WHAT YOU SHOULD DO: Look through the records below for the line holding "Lug. 07, 1973". Write it out exactly, with each following line through the line holding "Neue Justiz (NJ), Zeitschrift".

RECORDS FOR THE TASK:
————————
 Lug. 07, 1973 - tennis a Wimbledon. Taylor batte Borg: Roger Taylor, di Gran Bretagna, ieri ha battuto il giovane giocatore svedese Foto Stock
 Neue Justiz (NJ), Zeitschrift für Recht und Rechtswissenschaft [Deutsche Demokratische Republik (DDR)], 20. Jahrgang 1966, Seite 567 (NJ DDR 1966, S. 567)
————————
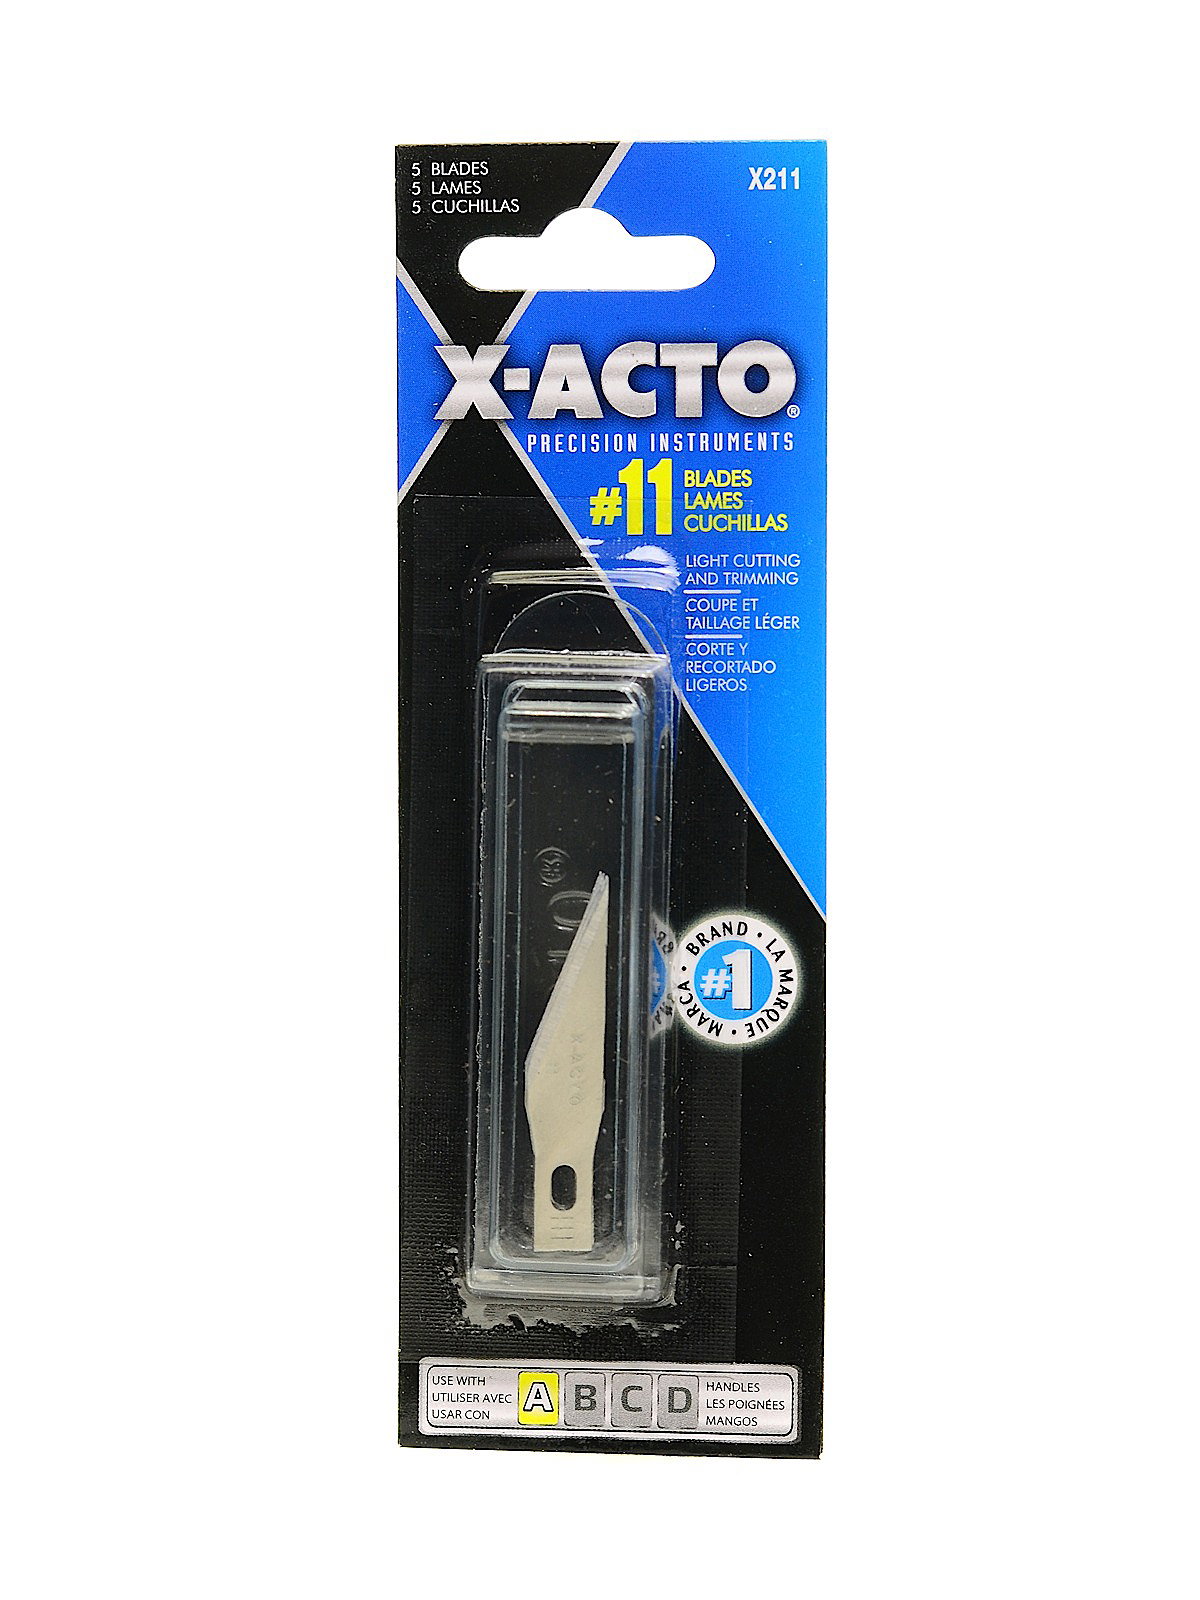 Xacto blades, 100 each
————————
EXPECTED ANSWER:
 Lug. 07, 1973 - tennis a Wimbledon. Taylor batte Borg: Roger Taylor, di Gran Bretagna, ieri ha battuto il giovane giocatore svedese Foto Stock
 Neue Justiz (NJ), Zeitschrift für Recht und Rechtswissenschaft [Deutsche Demokratische Republik (DDR)], 20. Jahrgang 1966, Seite 567 (NJ DDR 1966, S. 567)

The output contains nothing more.